My daughter is doing a little better. Although I think her mother would disagree with me on that. The big picture is that she has been struggling emotionally. Mostly with body issues and self-image. While I have not seen an official Diagnosis, we believe she has Anorexia. Which terrifies the living shit out of me. Her mother is terribly worried about her, as am I of course. But her mother chooses to lash out and dwell on her behavior as it affects her, while I choose to offer a kind ear, an open heart, and advice when solicited. We’ve had many discussions and we are clearly not on the same page about our youngest. I believe my ex-wife is quick to fatalism and slow to open herself up to the possibility that maybe she needs to suck it up a bit and tolerate the “acting out” and not make it about herself. That’s just her. A black and white type person who sees all of the bad.
Me, the Pollyanna ex-husband, I see glimpses of her improving and I choose to focus on that. While once dreadfully thin and refusing to eat, she is now eating. Not necessarily enough and it takes weed to give her an appetite, but for now she’s eating. As for her depression, she had the motivation to make changes in her life recently and with my experience in depression, any effort to improve one’s life is an improvement and a very good sign. With my support and that of her girlfriend (I guarantee that I just violated some law of pronouns, but Sar will forgive me because she knows that I like her a lot and mean well) she is doing well enough for me to see glimmers of hope.
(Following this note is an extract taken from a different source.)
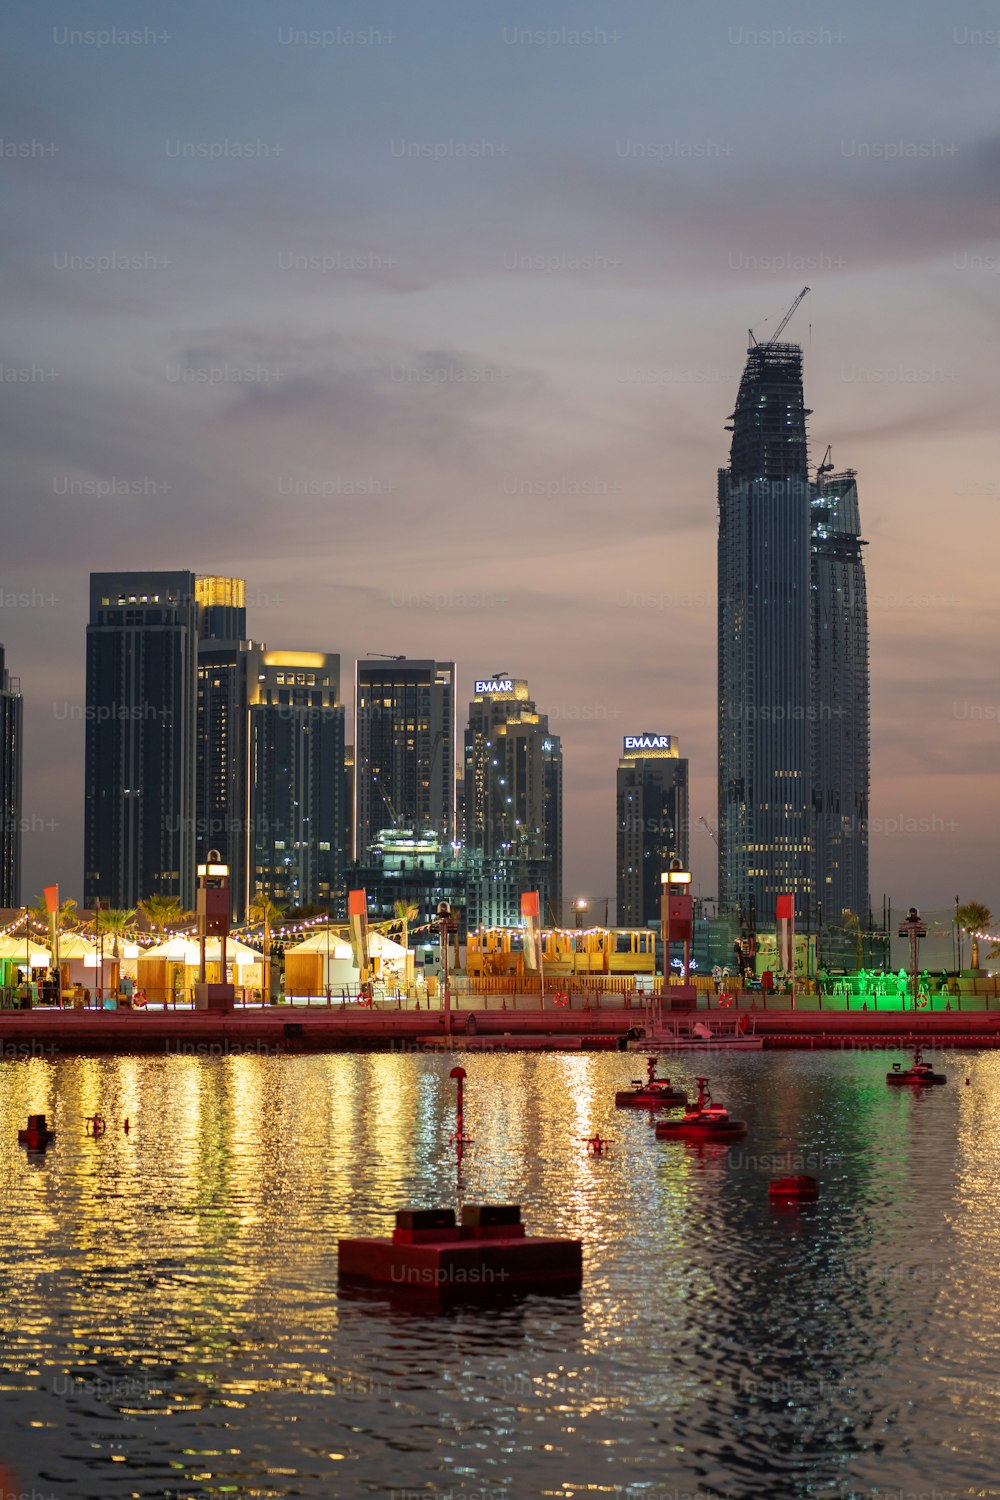 Dubai Festival City Skyline Buildings during suns
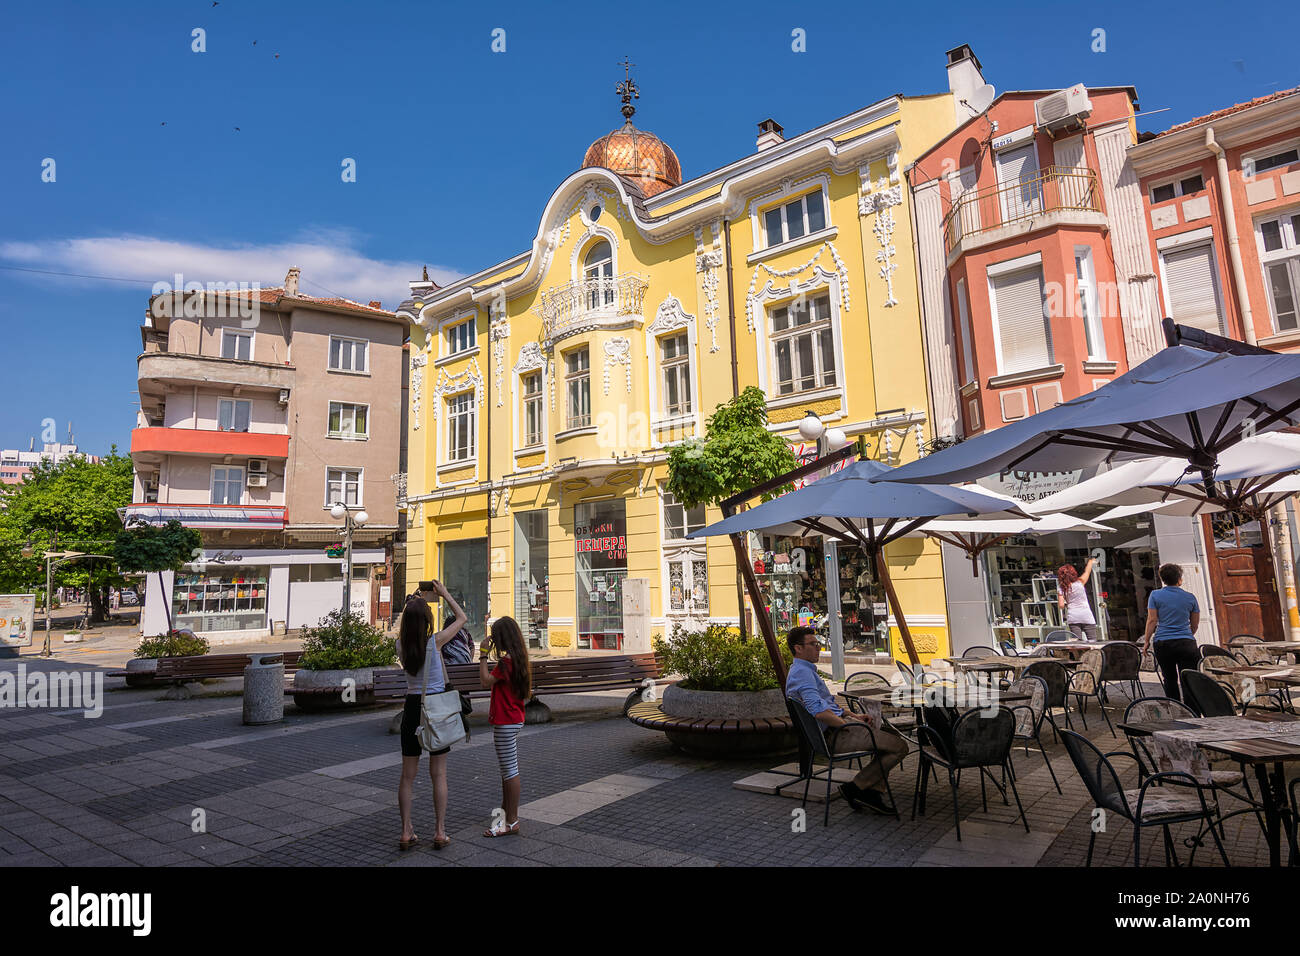 Burgas, Bulgarien - Juni 21, 2019: Fußgänger-Kurs im Zentrum von Burgas, ein Urlaubsort am Schwarzen Meer. Stockfoto

I have to see hope and authenticate it because my daughter means the Universe to me, and I will do absolutely anything for her to get better. One glimmer of hope, she got a new job.
Change is good.
I was pleasantly thrilled when she sent me a copy of her Indeed resume. She wanted my input. I liked it. For a person with a limited background (she’s 20 and all she has done so far is babysitting and retail) she described herself well. Soon after, she had an interview at a car dealership. The job description sounded like a “greeter” position but it turned out to be sales. I was pleased that she was not deterred by that. She saw the earning potential and knew that she had the personality for sales. Her mother thought it sounded awful, I don’t see the harm. Let her try it; worst case scenario she hates it and then knows what she doesn’t want to do with her life. Best case scenario she crushes it and learns to believe in herself. With a base salary plus commissions it is certainly worth a try. An additional bonus is that it is the type of dealership that the managers will do anything to help their associates so if she gets a customer interested they will make it happen for her. At least until she finds her way.
Sales is tough.
But she has an ace in the hole. Her Dad is a former legend in the business and I’m going to help train her.
She’s in orientation today, her first day and she likes it. Once she learns the company itself, the real training will begin.
I couldn’t be happier for her as she embarks on this new journey, and I hope that I can take it with her.